No podía más. Llamé a Lucía.

—Ven a casa —le dije—. Necesito respuestas.

Llegó una hora después, con el rostro demacrado y los ojos hinchados.

—Ela…

—No quiero excusas —la interrumpí—. Solo dime la verdad.

Lucía se sentó frente a mí y empezó a hablar. Me contó que ella y Marek habían sido novios antes de conocerme, algo que yo ya sabía. Pero lo que no sabía era que nunca dejaron de verse del todo. Que incluso después de nuestra boda hubo encuentros furtivos, cartas escondidas, promesas incumplidas.

—Pero eso fue hace mucho —dijo Lucía entre sollozos—. Yo te elegí a ti como amiga porque necesitaba sentirme cerca de él… y porque te quería de verdad.

Sentí náuseas. Todo mi pasado se tambaleaba.

—¿Y ahora? —pregunté—. ¿Por qué ahora?

Lucía bajó la mirada.

—Hace dos meses me diagnosticaron cáncer —susurró—. Marek lo supo antes que nadie porque estaba conmigo cuando me desmayé en la calle Mayor…

Me quedé helada.

—Él dice que no puede dejarme sola ahora —continuó—. Pero yo no quiero hacerte daño, Ela…

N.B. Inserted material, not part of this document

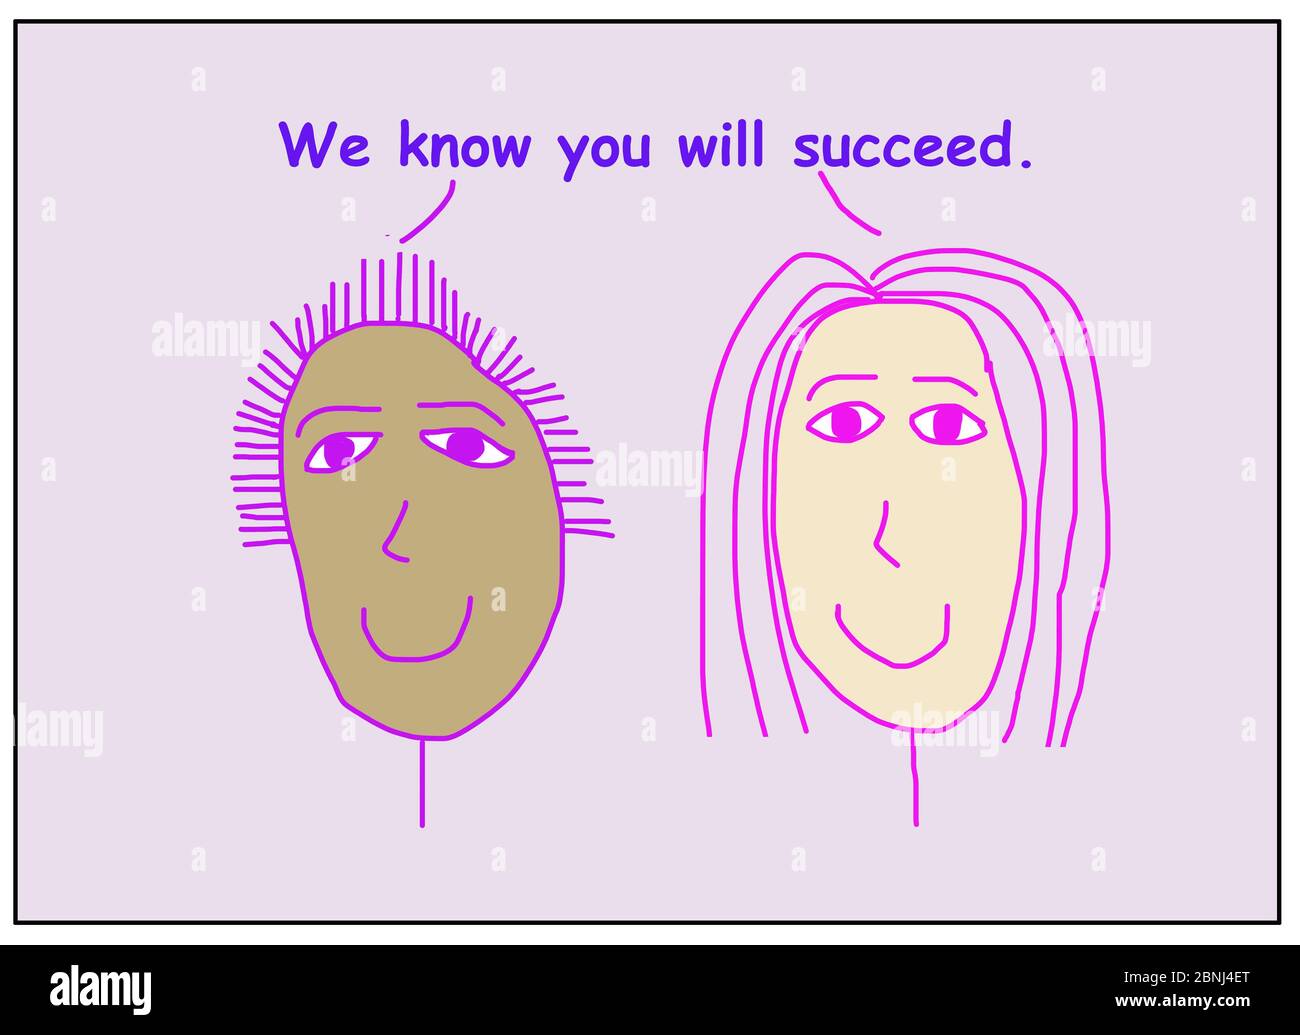 Farbe Cartoon von zwei lächelnden und ethnisch vielfältigen Frauen besagt, dass wir wissen, dass Sie erfolgreich sein werden. Stockfoto

La rabia se mezcló con la compasión. ¿Cómo odiar a alguien que está enfermo? ¿Cómo perdonar una traición tan profunda?

Esa noche no dormí. Pensé en mis hijos, en mis padres ya fallecidos, en todos los domingos de paella y risas en familia. Pensé en lo sola que me sentía y en lo poco que me conocía realmente a mí misma.

Los días siguientes fueron un torbellino: abogados, papeles del divorcio, visitas al médico con Lucía (sí, fui con ella; no sé si por costumbre o por compasión), mensajes fríos de Marek intentando justificar lo injustificable.

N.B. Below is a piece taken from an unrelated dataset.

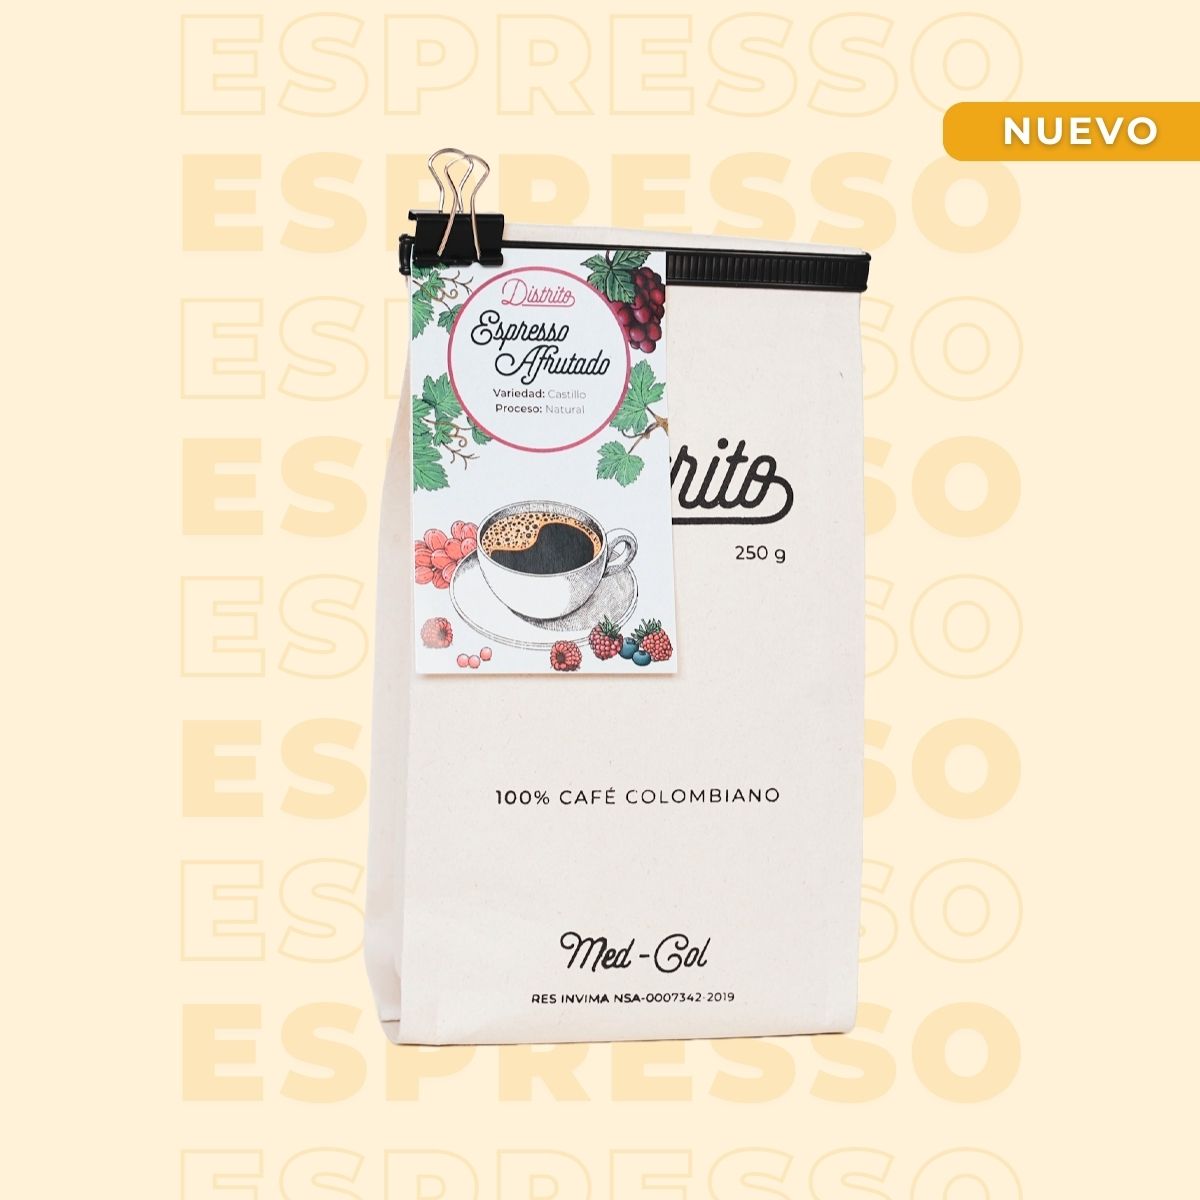 Espresso afrutado - Café Especial - Espresso Afrutado

Un día, mientras paseaba por el Retiro intentando ordenar mis pensamientos, me encontré con Carmen, una vecina viuda del edificio.

—Ela, la vida da muchas vueltas —me dijo—. Yo también pensé que no sobreviviría cuando Antonio se fue… pero aquí estoy. No te encierres en el dolor.

Sus palabras me dieron fuerzas para empezar a reconstruirme poco a poco: retomé mis clases de pintura, salí a cenar con amigas del trabajo y hasta me atreví a viajar sola a Cádiz un fin de semana.

Pero el vacío seguía ahí. Y las preguntas también.

Hoy, meses después, sigo sin entenderlo todo. A veces pienso si alguna vez conocí realmente a Marek o incluso a Lucía… o si solo conocí la versión que ellos querían mostrarme.

¿Es posible perdonar una traición así? ¿O solo aprendemos a vivir con las cicatrices?

¿Vosotros qué haríais? ¿Se puede reconstruir una vida después de perderlo todo?